Si incontrano nella giornata di oggi tante storie, che coinvolgono i nostri studenti nuoresi, il Consorzio per lo sviluppo degli studi universitari, il Comune di Nuoro, la Provincia, la Regione Sardegna. Ma oggi sarà l’occasione per fare anche un bilancio di un impegno avviato dall’Università venti anni fa per lo sviluppo delle zone interne, per la valorizzazione dell’ambiente naturale, per una politica di solidarietà e di inclusione.

Questo di oggi è un riconoscimento inusuale, per un fotografo di altissima qualità, per un appassionato ambientalista, per un pubblicista molto noto, per un esperto studioso della flora e della fauna della Sardegna. È un modo per dire che l’Università di Sassari si apre al territorio, apprezza l’impegno di una vita, riconosce un’eccellenza, una passione, una visione del mondo che non sia convenzionale.  Questo è un momento meraviglioso per la Sardegna, che ci consente di premiare un lavoro svolto con curiosità e interessi veri.

Con l’aiuto dei miei carissimi Dino Manca, Paola Ruggeri, Dolores Turchi, Barbara Wilkens, ho presentato il 9 marzo di un anno fa a Nuoro l’ultimo splendido volume di Domenico Ruiu Il fotografo dei rapaci edito in quattro lingue da Publinova,  ricordando come i rapaci occupino da sempre uno spazio significativo nella letteratura della Sardegna, come rappresentino un particolare ambiente naturale, gli spazi solitari del Gennargentu, ma anche una cultura e una tradizione, frutto di osservazioni e di riflessioni che iniziano nel mondo antico con lo Pseudo Aristotele.

L’autore del De mirabilibus auscultationibus racconta il mito relativo alle favolose colonizzazioni dell’isola dalle vene d’argento, la Arguròfleps nésos, ricorda che questa terra fu prospera e dispensatrice di ogni prodotto, eudaìmon e pàmphoros: si narra che il dio Aristeo il più esperto tra gli uomini nell’arte di coltivare i campi, produrre il miele, l’olio, il vino, il latte, fosse il signore di Ichnussa, occupata prima di lui solo da molti e grandi uccelli, upo megalon ornéon émprosthen kai pollòn katechoménon.

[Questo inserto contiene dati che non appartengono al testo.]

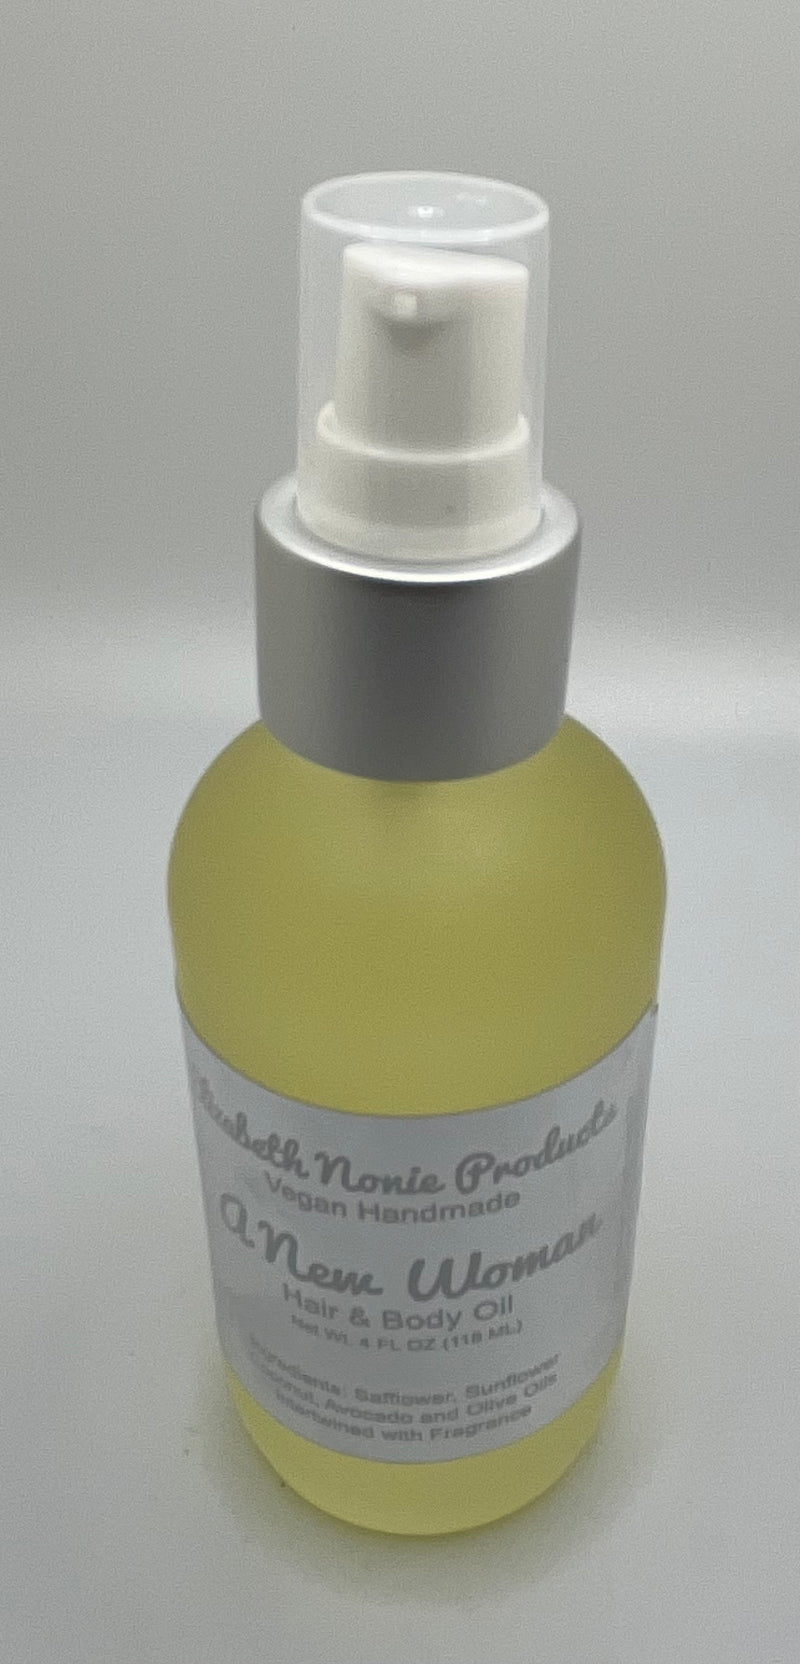 A New Woman Hair and Body Oil
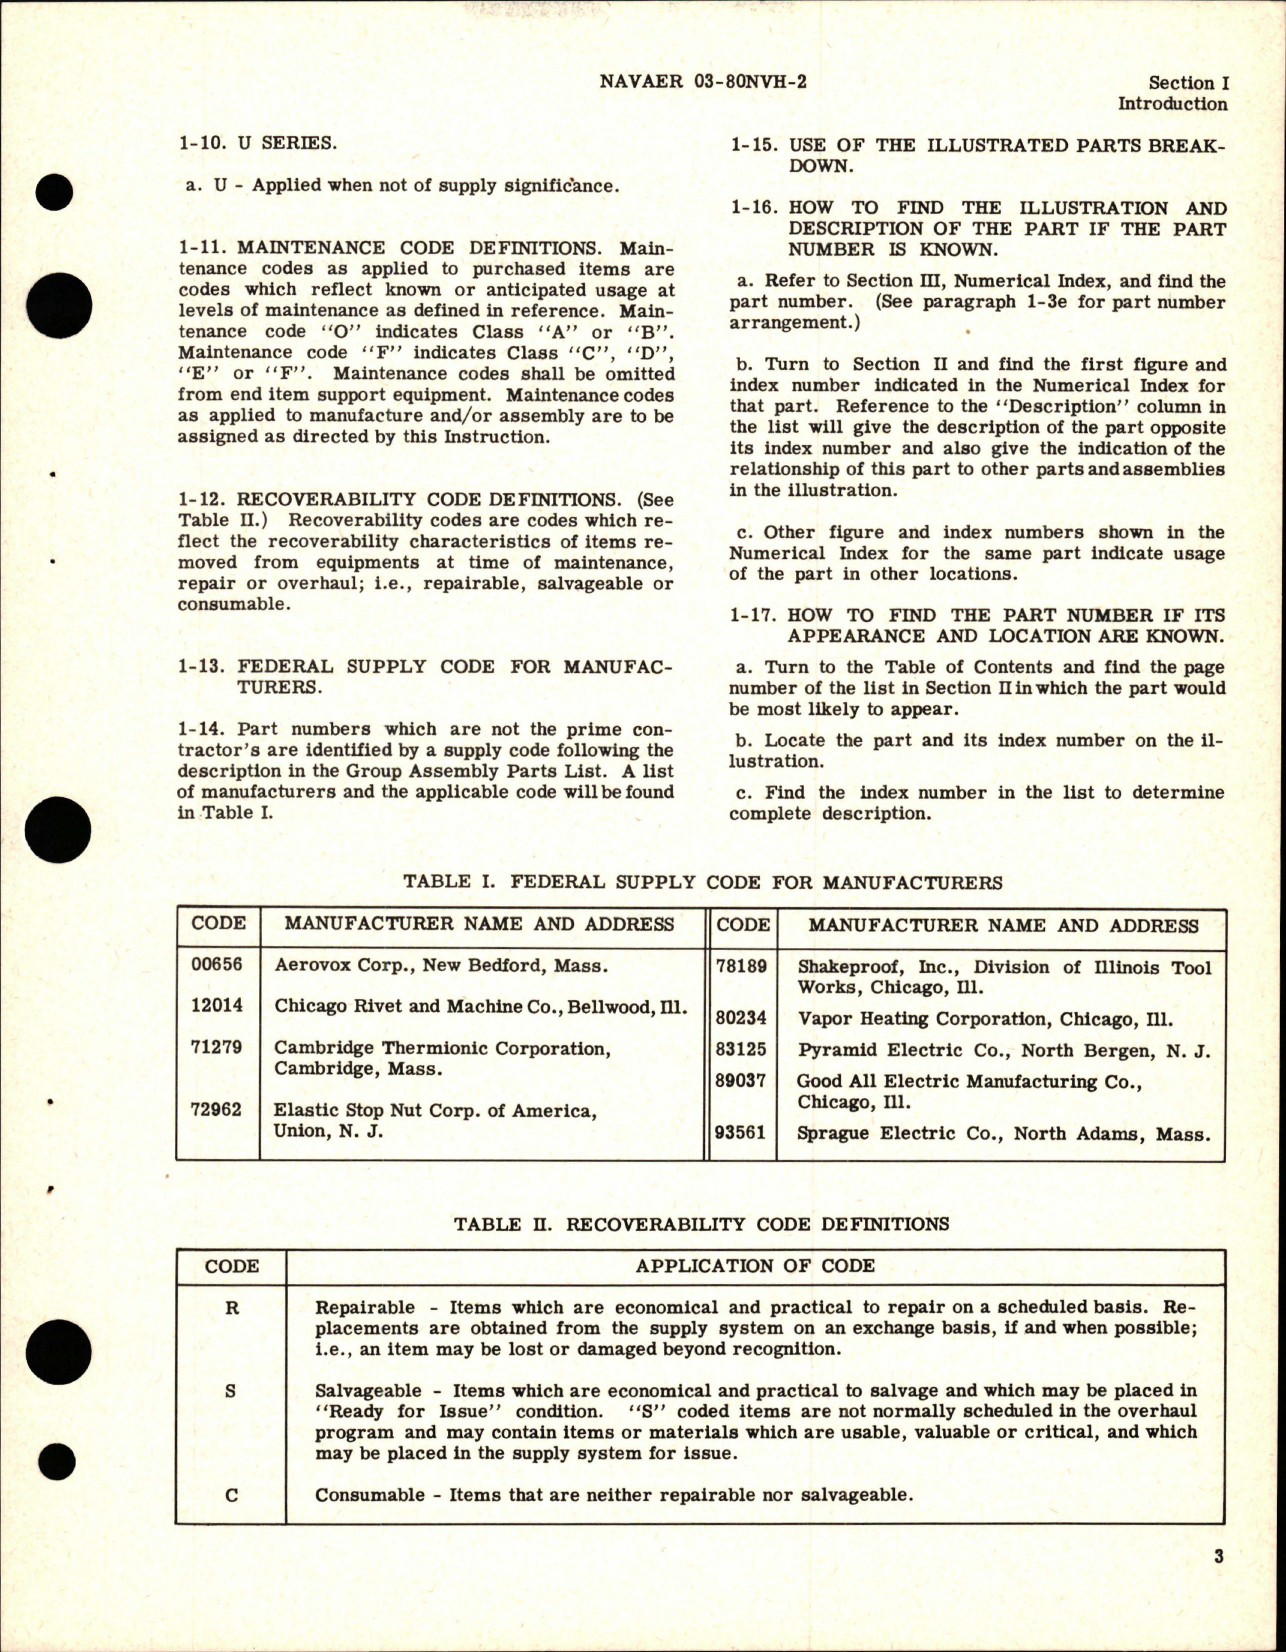 Sample page 5 from AirCorps Library document: Illustrated Parts Breakdown for Temperature Controller - Parts 25730028-01 and 25730028-02

Come non ricordare che un’isola circumsarda, l’isola di San Pietro, era nell’antichità conosciuta da Plinio e da Tolomeo come Acciptrum insula – Hierakon nesos, l’isola degli sparvieri o dei falchi? Qui ancora nel XVIII secolo gli abitanti dell’isola usavano prendere i falconi dai nidi per allevarli e venderli sulle coste dell’Africa settentrionale.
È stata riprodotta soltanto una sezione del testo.